#### What is expected
Drop every picture, then print the rest of the listing exactly as given.

#### Input data
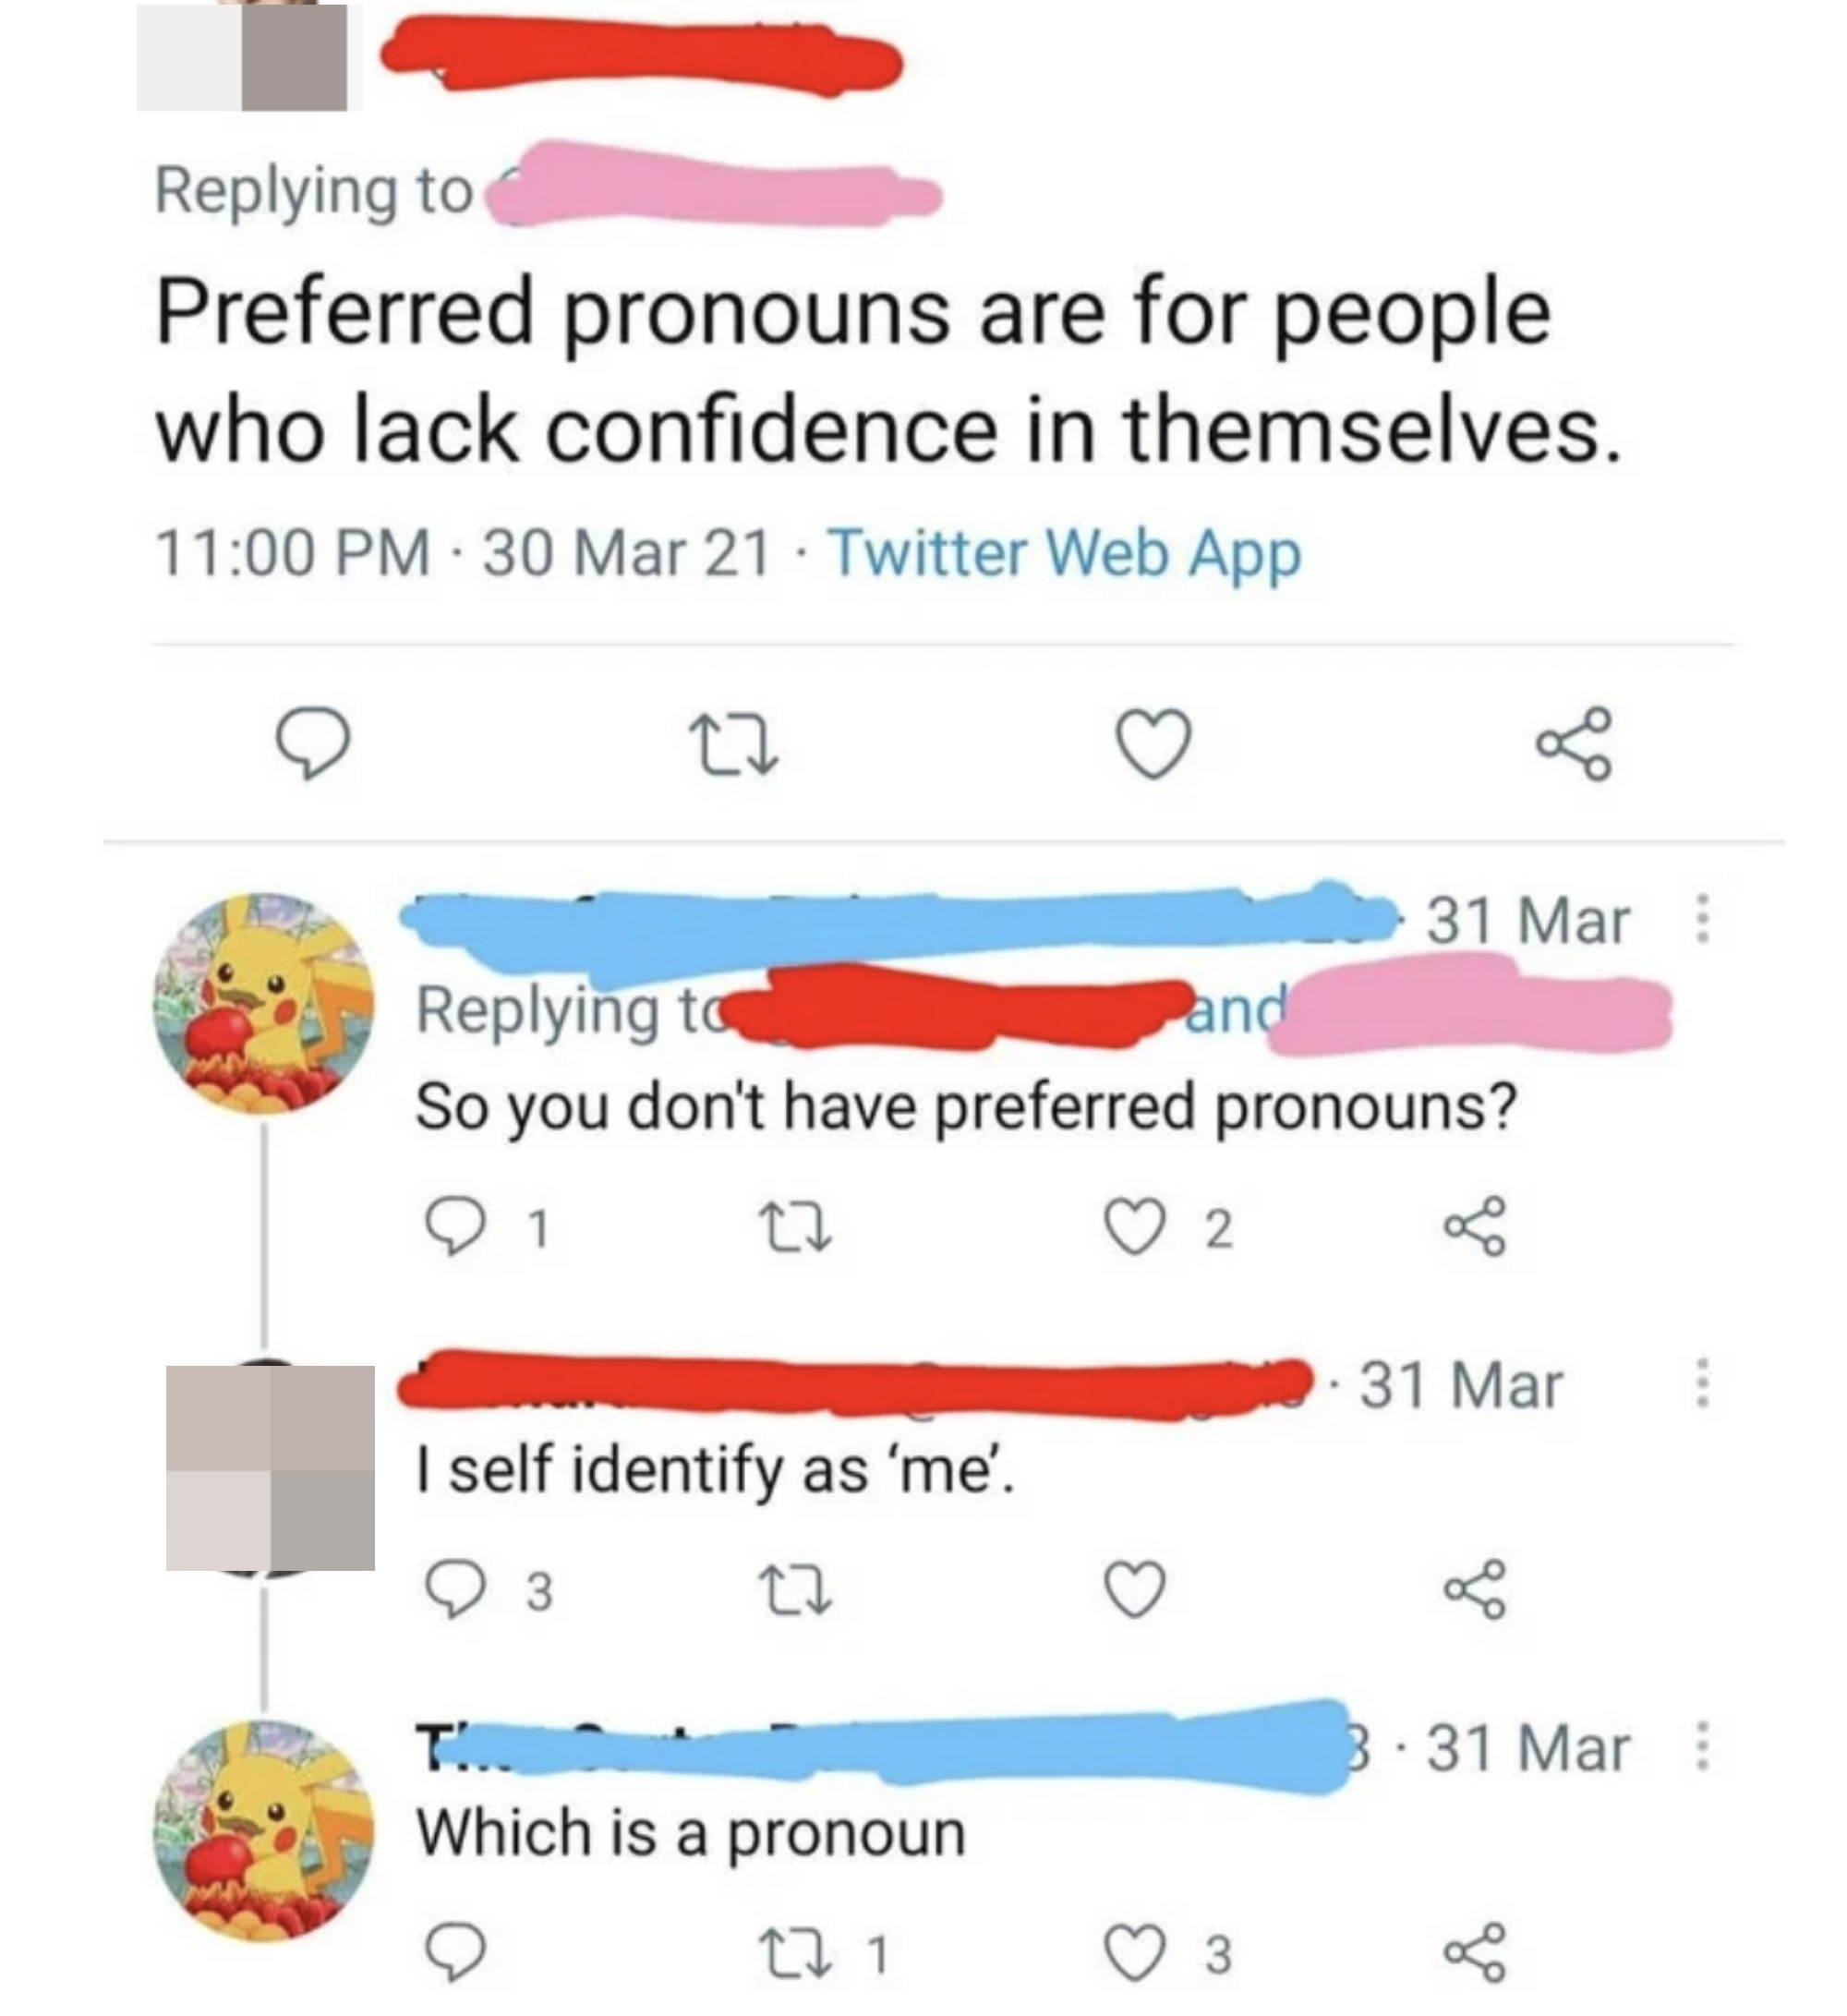 &quot;What is a pronoun&quot;
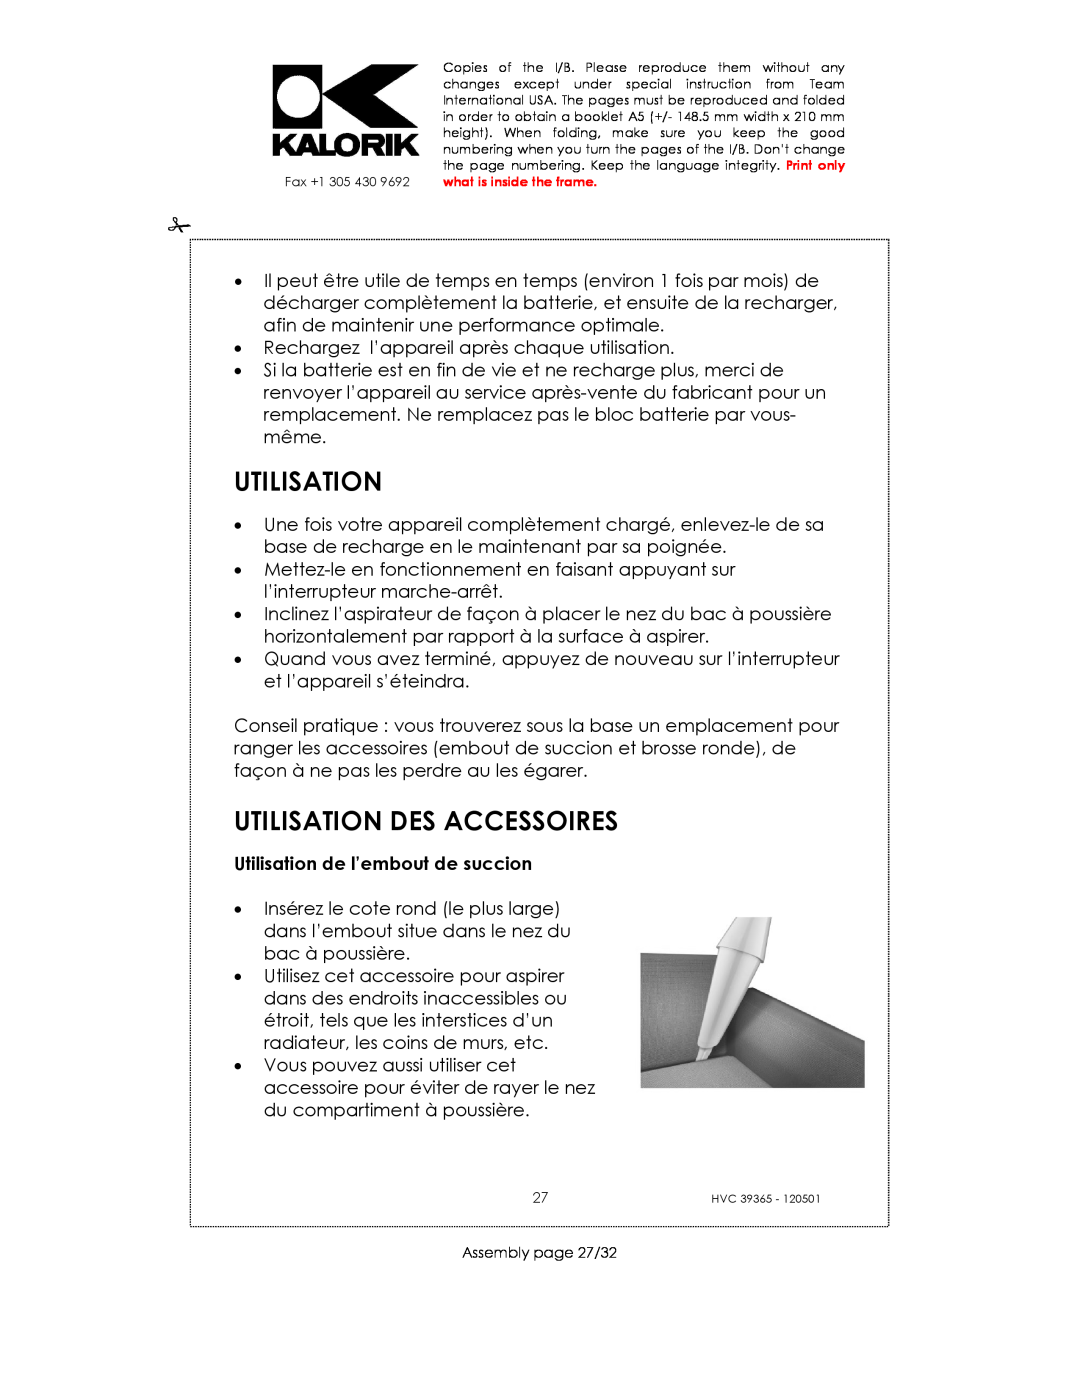 Kalorik HVC 39365 manual Utilisation Des Accessoires, Utilisation de l’embout de succion 
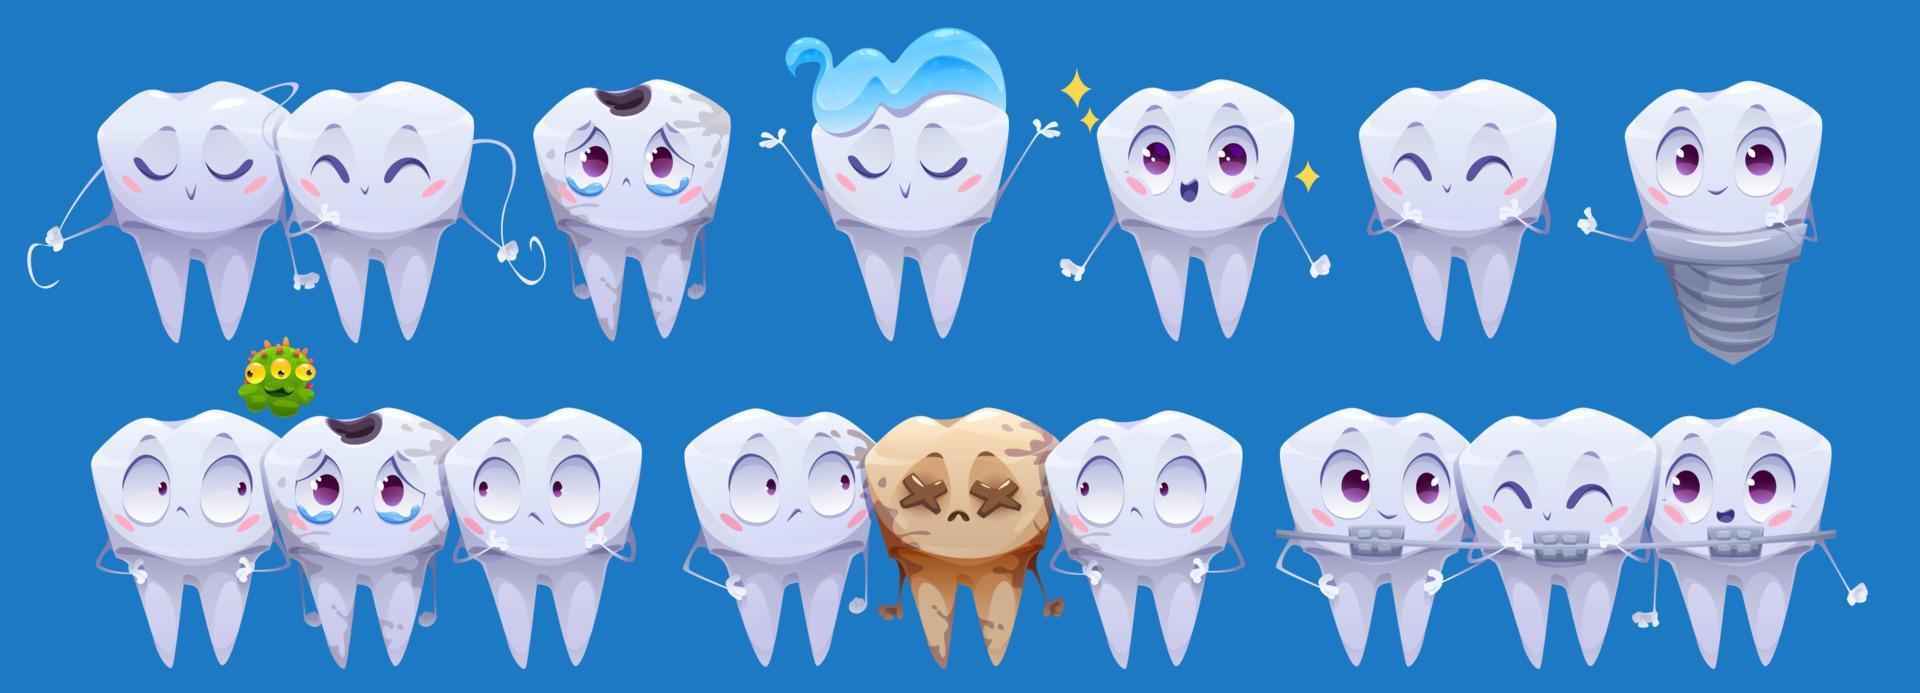 personnages de dessins animés de dents, dent propre et sale vecteur
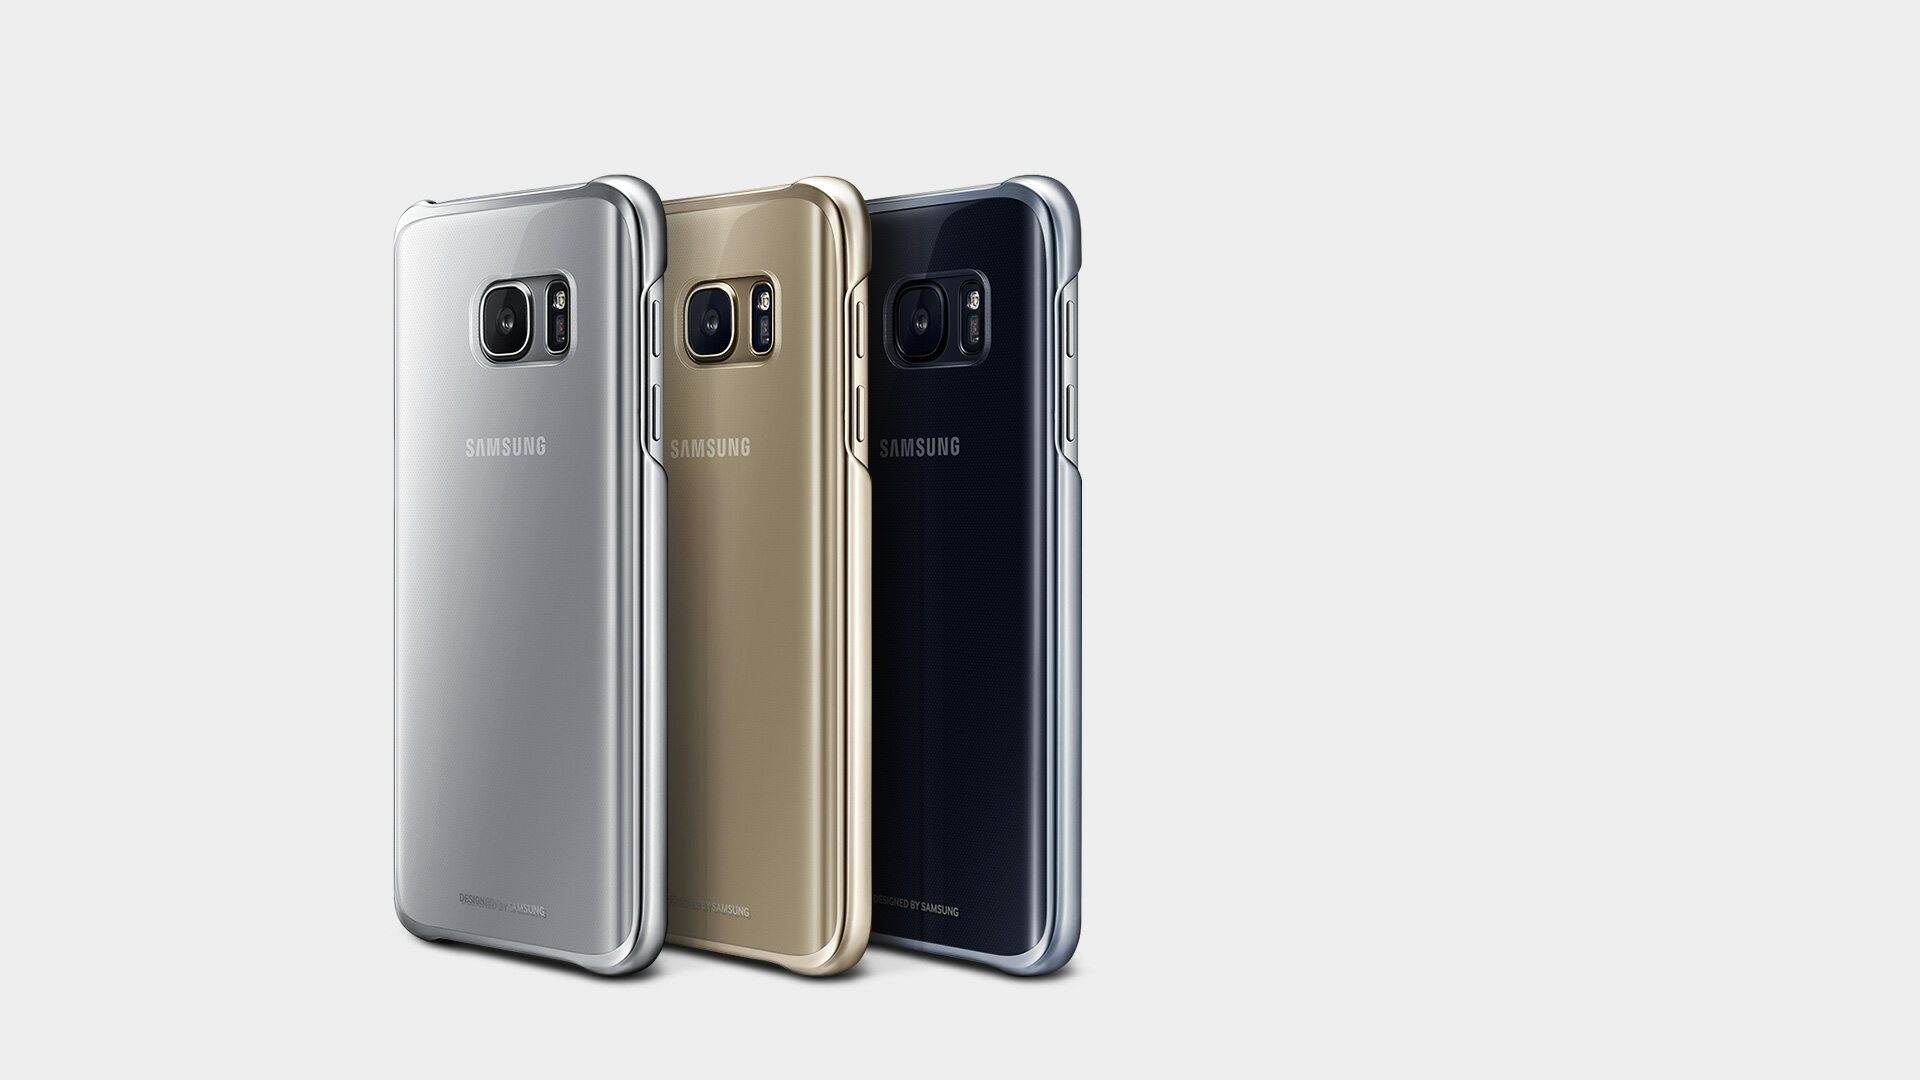 Samsung svela tutti gli accessori per Galaxy S7 e Galaxy S7 Edge | TuttoAndroid1920 x 1080

#### Exercise result
 &quot;What is a pronoun&quot;
 Kalorik HVC 39365 manual Utilisation Des Accessoires, Utilisation de l’embout de succion 
 personnages de dessins animés de dents, dent propre et sale vecteur
 Samsung svela tutti gli accessori per Galaxy S7 e Galaxy S7 Edge | TuttoAndroid1920 x 1080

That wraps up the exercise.